Your instructions:
Leaving out pictures, output exactly the lines below from the one that has "Kue Pukis Durian Resepi Terbaik" through the one that has "Bppal KT - Activa", and nothing else.

───── Supplied material

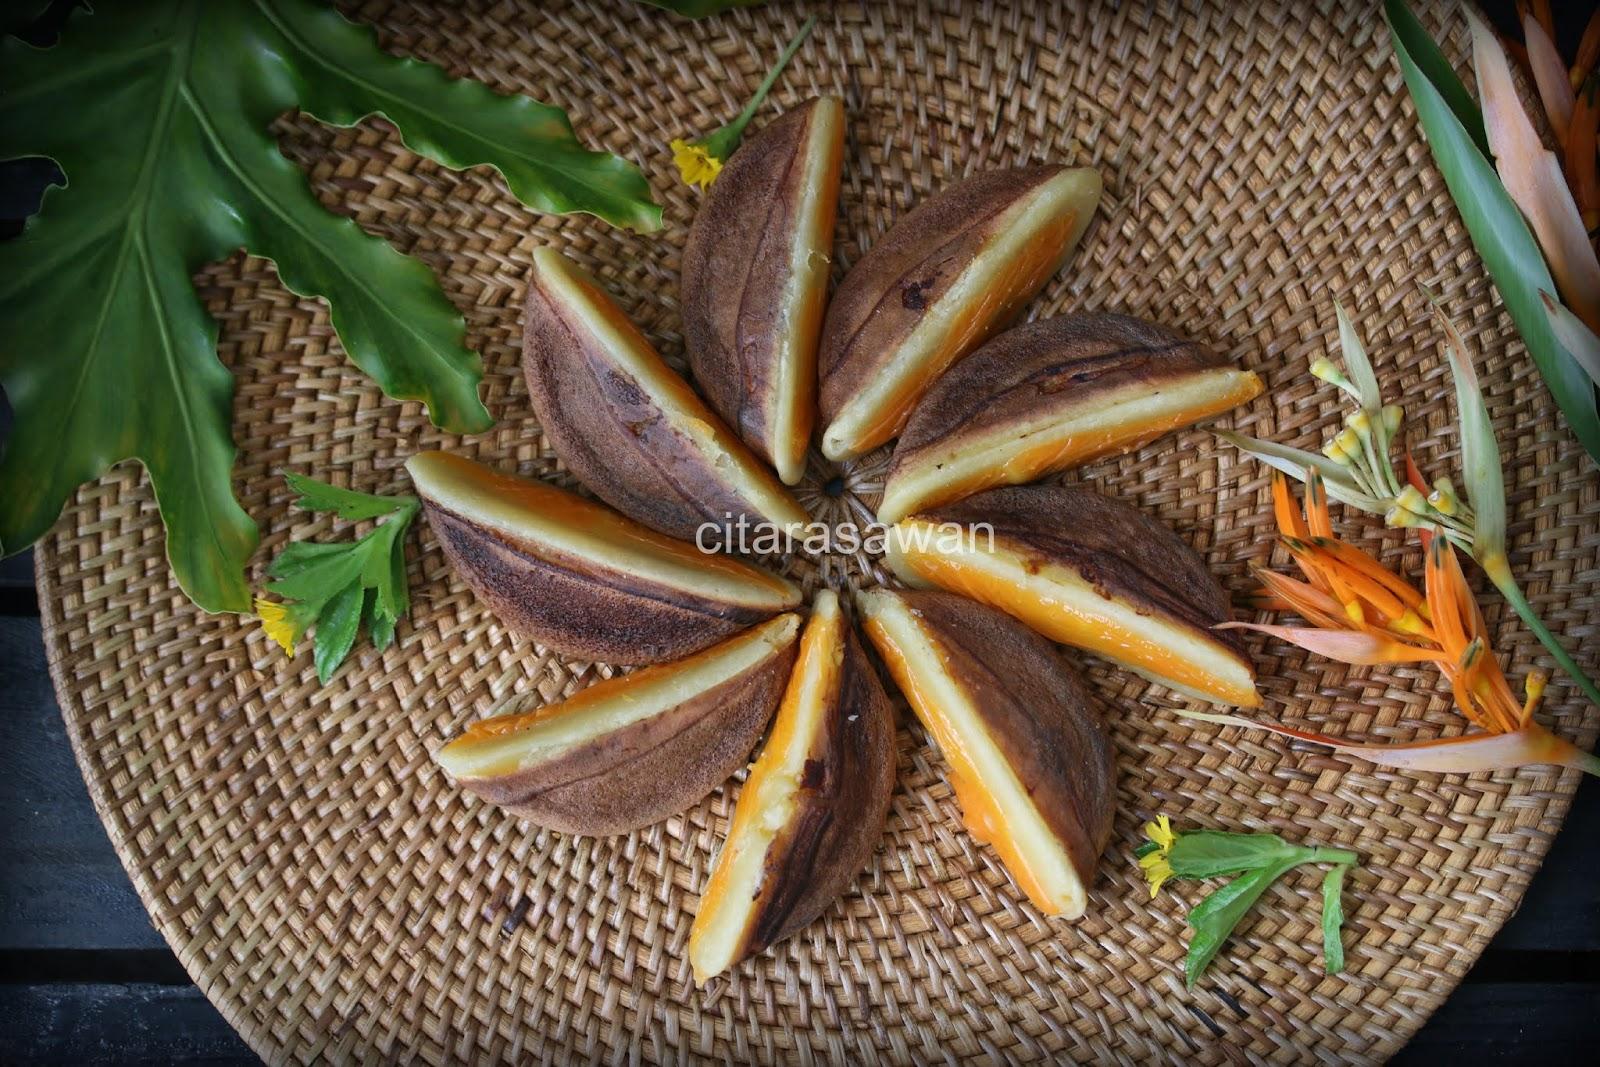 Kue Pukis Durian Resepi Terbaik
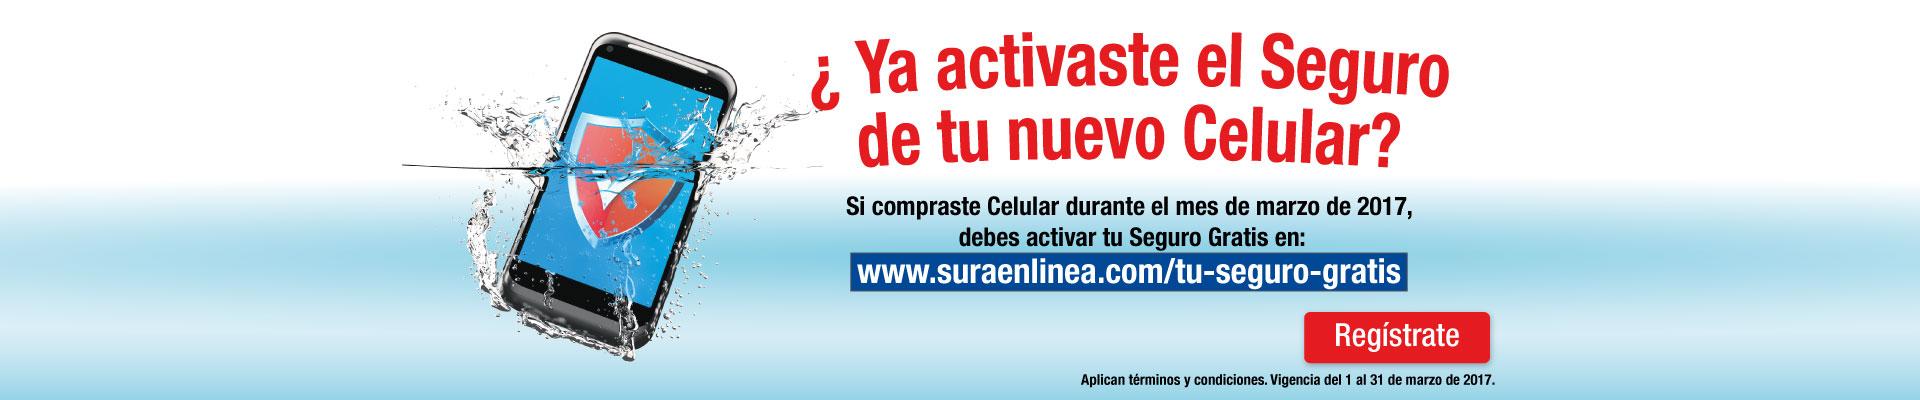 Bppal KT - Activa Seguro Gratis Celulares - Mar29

──────────
───── Supplied material

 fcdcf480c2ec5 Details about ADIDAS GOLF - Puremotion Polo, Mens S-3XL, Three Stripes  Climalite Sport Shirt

──────────

Solution to the exercise:
 Kue Pukis Durian Resepi Terbaik
 Bppal KT - Activa Seguro Gratis Celulares - Mar29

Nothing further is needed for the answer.